Training Instability: - Many methods require online generation of student samples, training discriminators, or using adversarial training. - These strategies increase training complexity and instability.

Goal

To design a distillation method that allows the student model to maintain the same "velocity prediction" format as the teacher, thereby: - Avoiding format mismatch. - Using a simple \(\ell_2\) flow matching loss. - Compressing steps while preserving both quality and diversity.

Method

Overall Architecture

π-Flow aims to solve the chain of "format mismatch → complex training → compromised quality or diversity" in few-step distillation.

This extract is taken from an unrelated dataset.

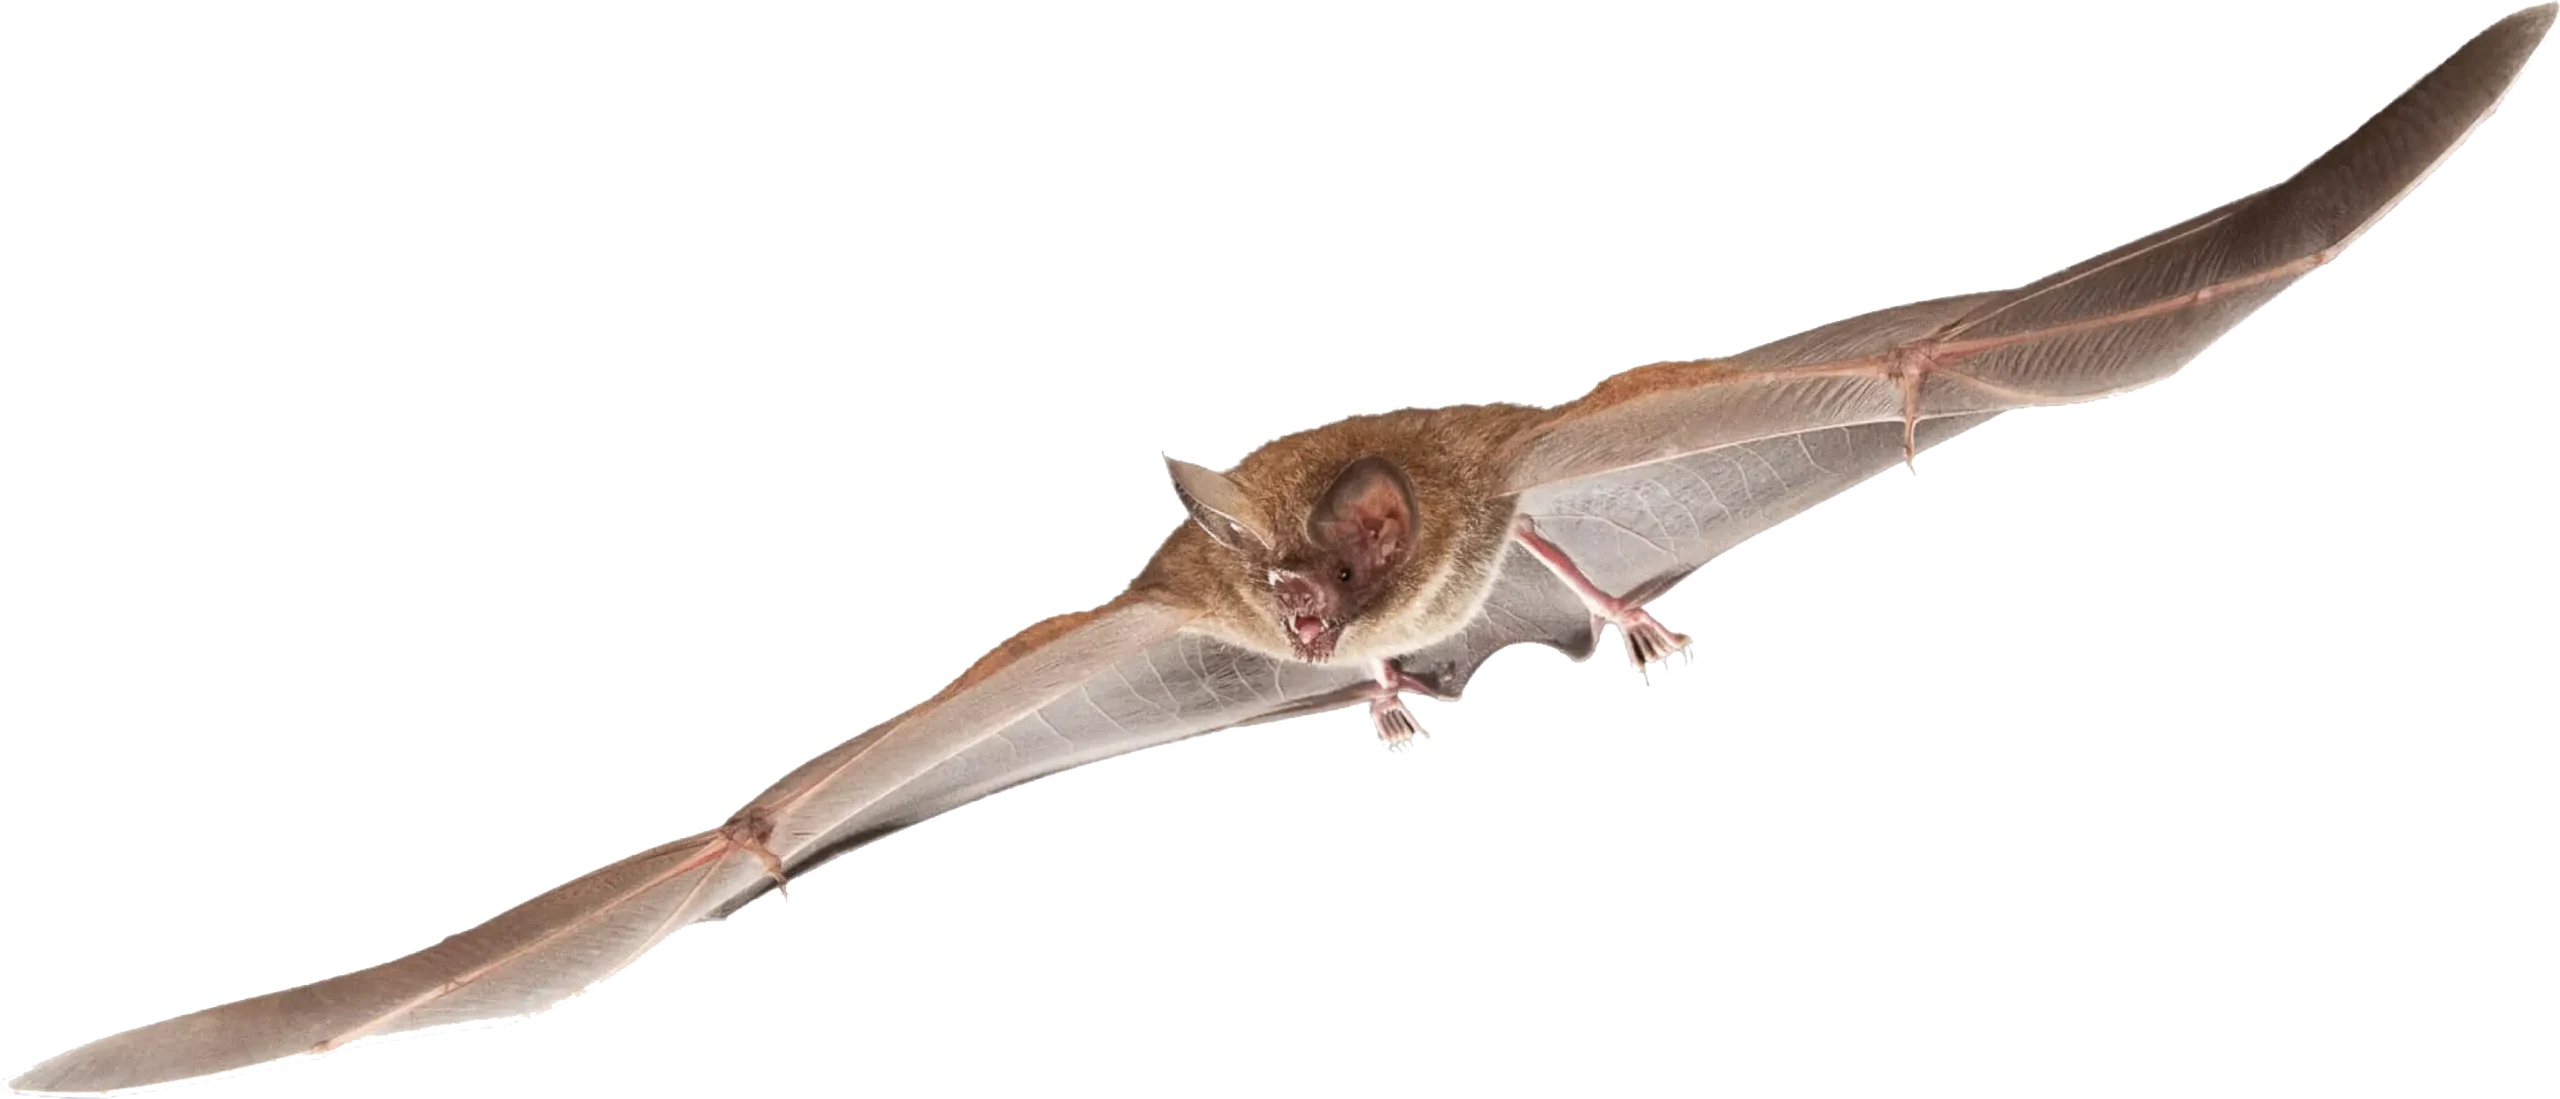 Fringe-Lipped Bat

The Mechanism is as follows: the student performs one network forward pass at each coarse step, but instead of outputting a single-point velocity or a denoised result, it outputs a policy describing a continuous velocity field for that interval. With this policy, precise ODE integration can be performed over hundreds of sub-steps within the interval without further network evaluations, completely decoupling "network evaluation steps" from "integration sub-steps." During training, the student first generates a trajectory using its own policy, then queries teacher velocities at these trajectory points and aligns them using a standard \(\ell_2\) loss—reframing distillation as DAgger-style "online imitation learning." The following diagram illustrates how the inference (generation path) and training (π-ID alignment path) share the same policy mechanism:

%%{init: {'flowchart': {'rankSpacing': 24, 'nodeSpacing': 28, 'padding': 6, 'wrappingWidth': 400}}}%%
flowchart TD
    X0["Initial Noise State<br/>x_tsrc"] --> G["Student Network Gϕ<br/>(One Forward Pass)"]
    G --> PI["Policy Output Layer π<br/>DX Mesh / GMFlow Hybrid"]
    PI -->|"Generation: Multi-substep Precise Integration<br/>No Extra Network Evaluation"| OUT["Low-noise State x_tdst<br/>→ Final Image"]
    PI -->|"Training: stopgrad to get πD"| ROLL["Decoupled Policy πD Rollout<br/>to Intermediate Time t"]
    ROLL --> XT["Intermediate State x_t<br/>(Student's Own Trajectory)"]
    XT --> PV["Student Policy Velocity<br/>π(x_t, t)"]
    XT --> TV["Frozen Teacher Velocity<br/>Gθ(x_t, t)"]
    PV --> LOSS["ℓ2 Flow Matching Loss"]
    TV --> LOSS
    LOSS -->|"Backprop Update"| G

Key Designs

1. Policy Output Layer (policy): Decoupling Network Evaluations and ODE Integration Sub-steps

Traditional few-step students perform only one or two "shortcut jumps" per coarse step, mapping noise directly to denoised results; the larger the jump, the more severe the error accumulation. Although multi-step teachers provide fine integration, they require a network evaluation for every sub-step, which is too slow. The Core Idea of π-Flow is to let the student no longer output a single-point velocity at \(t_{src}\), but instead a network-free policy \(\pi\)—a function that provides a closed-form velocity for any state \((x_t, t)\) within the interval: \(\pi(x_t, t) = G_\phi(x_{t_{src}}, t_{src})(x_t, t)\). Once the policy is obtained, high-precision ODE integration can be performed across hundreds of sub-steps in the interval \([t_{dst}, t_{src}]\) as \(x_{t_{dst}} = x_{t_{src}} + \int_{t_{src}}^{t_{dst}} \pi(x_t, t) dt\). These sub-steps reuse the same network forward pass and do not increase network evaluations. The paper provides two policy instances: the DX policy (dynamic-\(\hat{x}_0\)) makes the network predict an \(N\)-point grid of \(\hat{x}_0\) at equal intervals with linear interpolation between sub-steps, but is not robust to state perturbations; the GMFlow policy parameterizes the output as a Gaussian mixture velocity distribution, providing velocities dynamically based on \(x_t\) and \(t\), which is more robust and performs better in experiments. Consequently, "minimal network evaluation + dense integration sub-steps" are both achieved, which is fundamental to maintaining quality at 1–4 NFE.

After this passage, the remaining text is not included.